Schrödinger’s Startup
Military metaphors have been weirdly popular in business for a very long time, and the startup world is sadly no exception. If you’re part of the circus, there’s a reasonable chance you might have been ‘killing it’, went on a ‘retreat’, ‘established a bridgehead’, or hell, ‘disrupted’ an entire industry — and all of these probably count towards your ‘competitive advantage’.
Two very readworthy VC bloggers have taken note of this recently: Roy Bahat of Bloomberg Beta points out how military “metaphor[s] justif[y] so much awful behavior. What’s a little environmental harm done by your company while building your product — if we’re at war.”

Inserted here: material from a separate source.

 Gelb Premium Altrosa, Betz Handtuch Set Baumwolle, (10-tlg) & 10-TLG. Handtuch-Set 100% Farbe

Likewise, Albert Wenger of USV also considers this type of jargon to be problematic — after all, “Nobody is shooting at you”. At the same time, he admits of being guilty of the habit himself when talking about the “The Fog of War”:
Have you ever been in a super stressful situation that afterwards, when things had calmed down, possibly weeks or months later felt like it was part of a dream or a movie? Well startups can be a lot like that especially around critical events such as a potential financing or sale of a company or a product launch. I have been calling it the “Fog of Startups”, after the expression the “Fog of War” but as I will point out in a minute that analogy is problematic.

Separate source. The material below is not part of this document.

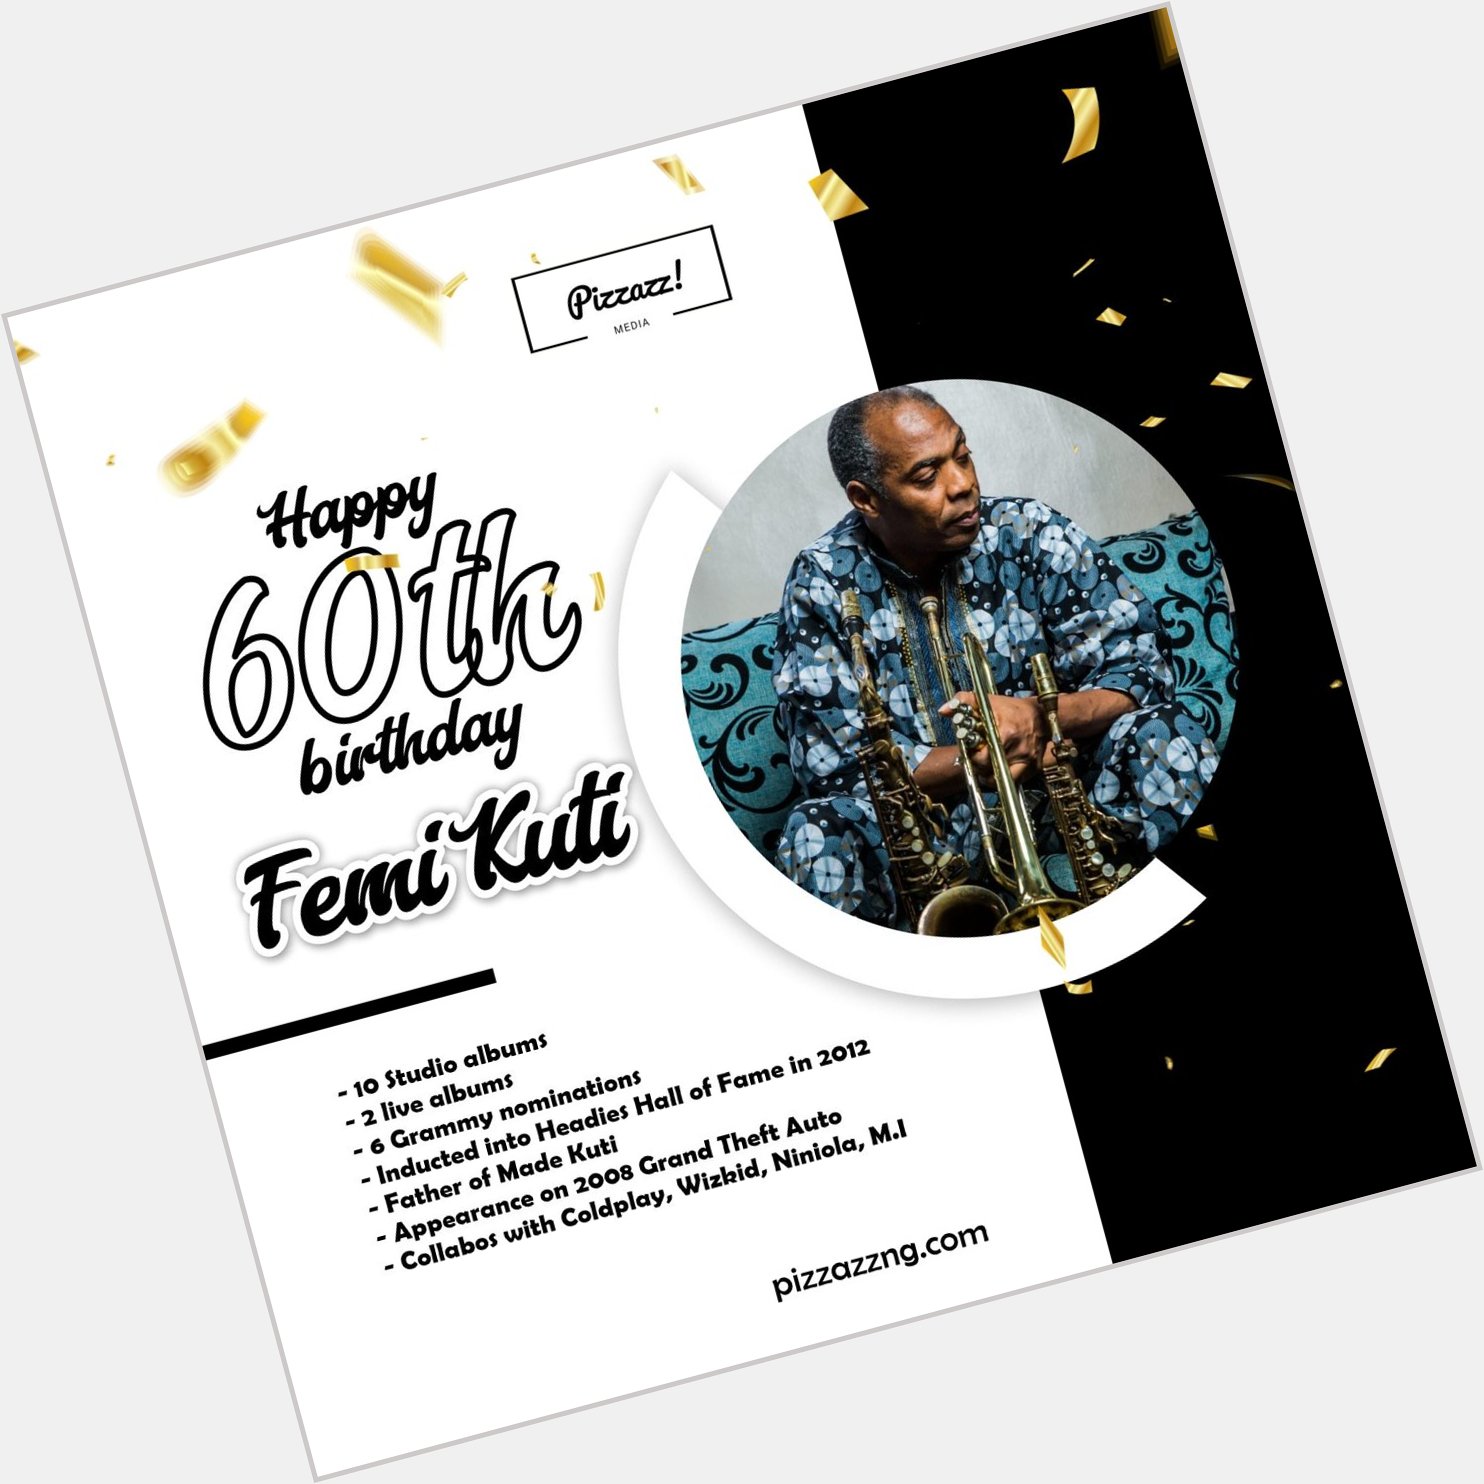 Happy 60th birthday to the legendary Femi Kuti Music royalty to the bone

I concur with the desire to stop the lame jingoist jargon, so here’s another, more civilian way to think about the startup uncertainty Albert describes:
Schrödinger’s Startup.
A startup really becomes Schrödinger’s Startup in the situations of extreme uncertainty that Albert points out: an exit, a financing round, closing a big new customer etc. In these situations, it feels as if the company could simulatenously be extremely successful and a total failure at the very same time — and for as long as the outcome is unknown (epistemologically), isn’t it arguably really both?
Unlike the “Fog of War”, Schrödinger’s Startup extends beyond crisis-mode — in a way, every non-mature startup company is in a constant state of Schrödingerist uncertainty (see this NYTimes piece on Google in 2002). This also explains the tendency of entrepreneurs to describe their journey as a high frequency oscillatory ‘rollercoaster’ (another fun non-military metaphor).
At the same time, thinking about all of this as Schroedinger’s Startup provides a way to solve and grow beyond crises: the black box of uncertainty can be openend, and it is the entrepreneur’s job to open these boxes and figure out herself what the truth really is, both on a macro and micro level.
A few micro examples:
- Your unlaunched mobile app. It could be smash hit success, it could be not. Only one way to find out.
- Your massive enterprise SaaS customer who stopped using your product a month ago. They might be about to churn. Or not. Only one way to find out.
- Is your company fundable? Are you going to be able to raise a Series A?
Only one way to find out.
On the macro level, one will find that a startup is not a single black box and more like a “Schrödinger’s Matryoshka”, whose ultimate truth table will only reveal itself through constant iterative box-openings.
Maybe it is this continuous courage to keep opening all those black boxes that really defines entrepreneurial activity? All sans the war, of course.